The article proposes DSPFusion, a dual-guided framework for image fusion that combines degradation and semantic priors to improve the quality of fused images, particularly those captured in degraded conditions. DSPFusion introduces a unique approach by utilizing both degradation-aware and semantic-driven guidance to restore and integrate information from degraded images effectively. Key innovations include a dual-prior guidance module, a semantic prior diffusion model for restoring high-quality scene context in a latent space, and a degradation prior embedding network (DPEN) that adaptively identifies and counteracts different degradation types. Through extensive experiments on multiple datasets, DSPFusion demonstrates superior performance over state-of-the-art methods, particularly in degraded scenarios.

优点

  1. DSPFusion uniquely integrates both degradation and semantic priors, offering a robust framework that enhances image quality by addressing common image degradation issues like noise, blur, and low-light conditions.
  2. The semantic prior diffusion model operates in a compact latent space, which significantly reduces computational overhead compared to traditional diffusion models, achieving a two orders of magnitude improvement in processing speed.
  3. The paper provides detailed experimental results on multiple benchmarks and degradation scenarios, including comparisons with state-of-the-art methods. DSPFusion’s ability to handle a wide range of degradations with minimal pre-processing is well-supported by the presented data.

缺点

  1. The training process involves two separate stages, each with specific objectives and loss functions, which could be complex to implement and tune.
  2. The choice of using degradation and semantic priors exclusively, rather than exploring alternative types of priors, is not sufficiently justified. A comparison or rationale for why these specific priors were chosen over others would help clarify their unique relevance to image fusion.
  3. The paper lacks a clear explanation for employing a diffusion model specifically for degradation restoration. While diffusion models are known for their generative capabilities, a detailed comparison with other restoration approaches would help illustrate the distinct advantages of diffusion in this context.
  4. Important comparative methods, such as Tardal (CVPR 2022), and CDDFuse (CVPR 2023), are omitted from the experimental benchmarks. Including these recent techniques would provide a more comprehensive evaluation of DSPFusion’s performance relative to other state-of-the-art fusion models.
    [1] Target-aware Dual Adversarial Learning and a Multi-scenario Multi-Modality Benchmark to Fuse Infrared and Visible for Object Detection. CVPR 2022
    [2] CDDFuse: Correlation-Driven Dual-Branch Feature Decomposition for Multi-Modality Image Fusion. CVPR 2023
  5. The evaluation lacks several common fusion performance metrics, such as SD, SF, AG, and SSIM. Including these metrics would provide a fuller picture of DSPFusion's effectiveness and allow for a more detailed quantitative assessment across different aspects of fusion quality.
  6. The experiments on degraded scenarios with enhancement might be biased, as some comparison methods lack image restoration modules.

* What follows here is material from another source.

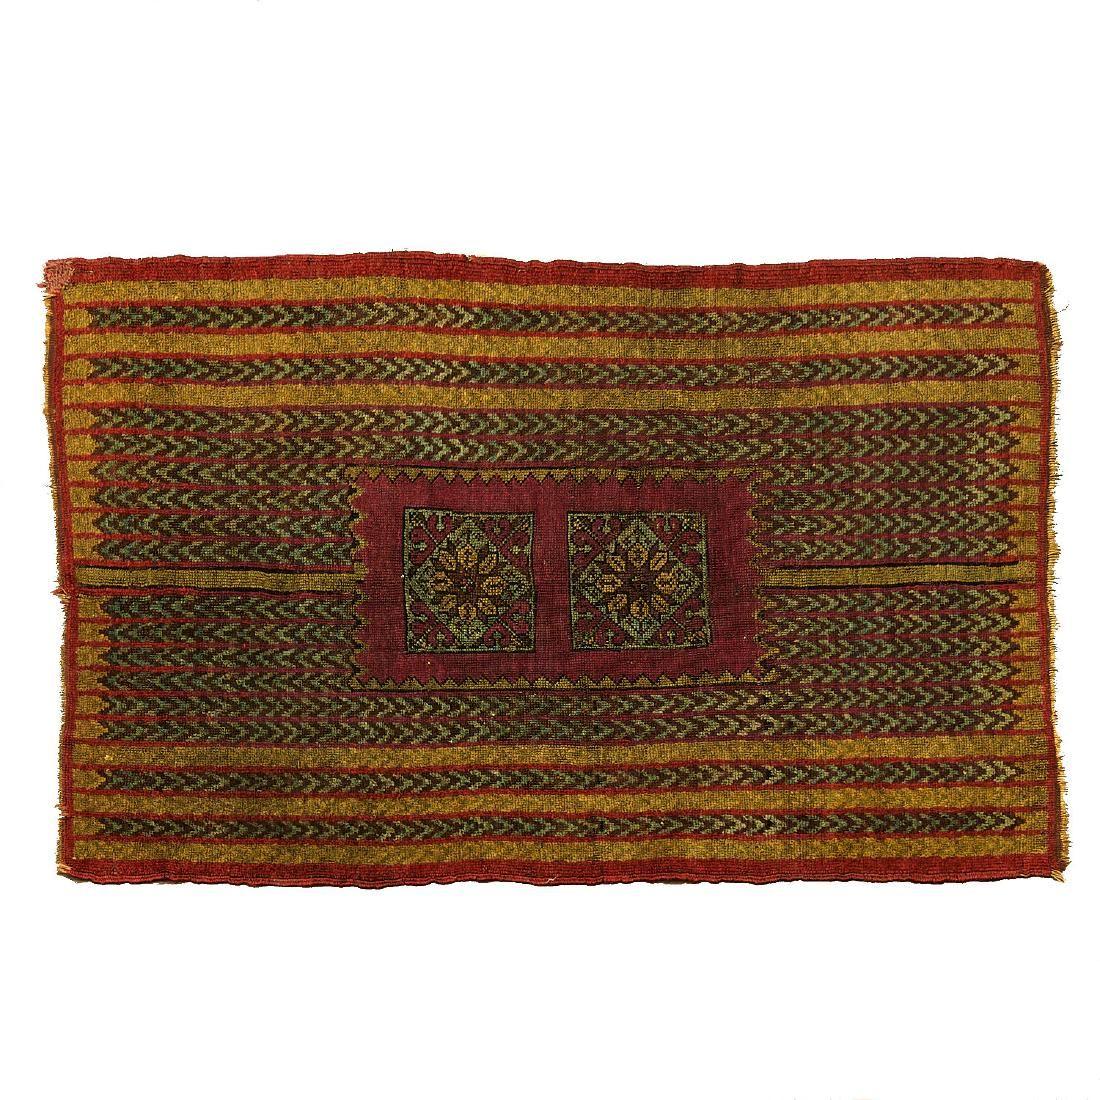 Unusual antique Caucasian rug or bag face

This potentially puts DSPFusion at an advantage, making the comparison unfair. A fairer evaluation would either provide these comparison methods with equivalent restoration capabilities or exclude pre-enhancement from the experimental design.
  7. The model performs well under single or simple degradation types but struggles when encountering compound degradations, as noted in the discussion. When multiple degradations affect a single modality, DSPFusion’s degradation prior module may prioritize only the dominant degradation. This limitation could hinder the model’s performance in environments with complex or layered degradation effects, such as poor lighting combined with severe noise or blurring.

问题

Please refer to the relevant details in Weaknesses and rebuttal accordingly.

撤稿通知

I have read and agree with the venue's withdrawal policy on behalf of myself and my co-authors.